— Given data —
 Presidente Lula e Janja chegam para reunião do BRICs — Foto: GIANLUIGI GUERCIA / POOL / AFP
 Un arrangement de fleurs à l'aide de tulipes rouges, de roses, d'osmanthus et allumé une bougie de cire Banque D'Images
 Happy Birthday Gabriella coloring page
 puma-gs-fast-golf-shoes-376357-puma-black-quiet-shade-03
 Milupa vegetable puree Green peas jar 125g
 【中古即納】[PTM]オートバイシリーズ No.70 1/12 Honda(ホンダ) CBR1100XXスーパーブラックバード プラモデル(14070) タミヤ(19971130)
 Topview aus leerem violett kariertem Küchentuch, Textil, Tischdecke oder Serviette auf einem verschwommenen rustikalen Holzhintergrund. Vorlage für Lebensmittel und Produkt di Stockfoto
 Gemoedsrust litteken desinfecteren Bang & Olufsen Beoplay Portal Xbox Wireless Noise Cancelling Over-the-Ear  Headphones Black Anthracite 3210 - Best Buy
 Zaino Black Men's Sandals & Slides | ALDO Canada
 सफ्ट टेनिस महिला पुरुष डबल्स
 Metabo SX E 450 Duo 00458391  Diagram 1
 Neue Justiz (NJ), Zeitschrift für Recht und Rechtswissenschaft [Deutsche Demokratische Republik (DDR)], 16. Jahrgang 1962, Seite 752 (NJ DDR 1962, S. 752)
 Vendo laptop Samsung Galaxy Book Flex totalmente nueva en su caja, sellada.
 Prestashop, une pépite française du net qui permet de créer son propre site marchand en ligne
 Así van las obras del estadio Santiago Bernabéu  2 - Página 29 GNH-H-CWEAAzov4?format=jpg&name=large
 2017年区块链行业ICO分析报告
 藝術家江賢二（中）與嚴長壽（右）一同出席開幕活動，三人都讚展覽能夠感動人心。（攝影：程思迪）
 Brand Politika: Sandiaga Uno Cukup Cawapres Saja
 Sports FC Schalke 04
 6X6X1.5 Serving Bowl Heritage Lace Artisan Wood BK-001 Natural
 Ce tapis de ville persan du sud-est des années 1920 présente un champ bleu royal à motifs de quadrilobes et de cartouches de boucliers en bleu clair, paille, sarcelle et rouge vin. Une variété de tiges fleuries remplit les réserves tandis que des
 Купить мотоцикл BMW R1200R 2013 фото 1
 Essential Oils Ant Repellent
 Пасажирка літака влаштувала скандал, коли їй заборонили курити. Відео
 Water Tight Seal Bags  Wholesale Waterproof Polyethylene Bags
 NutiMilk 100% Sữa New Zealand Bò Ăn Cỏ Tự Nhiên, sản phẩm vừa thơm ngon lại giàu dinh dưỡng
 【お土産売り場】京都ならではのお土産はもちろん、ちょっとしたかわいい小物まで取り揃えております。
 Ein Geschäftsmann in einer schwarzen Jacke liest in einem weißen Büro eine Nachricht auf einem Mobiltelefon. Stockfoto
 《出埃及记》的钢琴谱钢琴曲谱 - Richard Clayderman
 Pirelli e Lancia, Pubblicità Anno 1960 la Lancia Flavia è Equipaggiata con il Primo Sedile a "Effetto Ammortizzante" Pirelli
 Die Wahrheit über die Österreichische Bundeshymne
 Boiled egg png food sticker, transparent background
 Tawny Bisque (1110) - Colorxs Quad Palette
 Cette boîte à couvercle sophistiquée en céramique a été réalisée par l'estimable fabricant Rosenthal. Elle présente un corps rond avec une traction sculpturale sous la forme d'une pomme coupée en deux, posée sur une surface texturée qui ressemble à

— The task —
Every line of the entries that includes "einem" must be copied into the answer.

— Response to this task —
 Topview aus leerem violett kariertem Küchentuch, Textil, Tischdecke oder Serviette auf einem verschwommenen rustikalen Holzhintergrund. Vorlage für Lebensmittel und Produkt di Stockfoto
 Ein Geschäftsmann in einer schwarzen Jacke liest in einem weißen Büro eine Nachricht auf einem Mobiltelefon. Stockfoto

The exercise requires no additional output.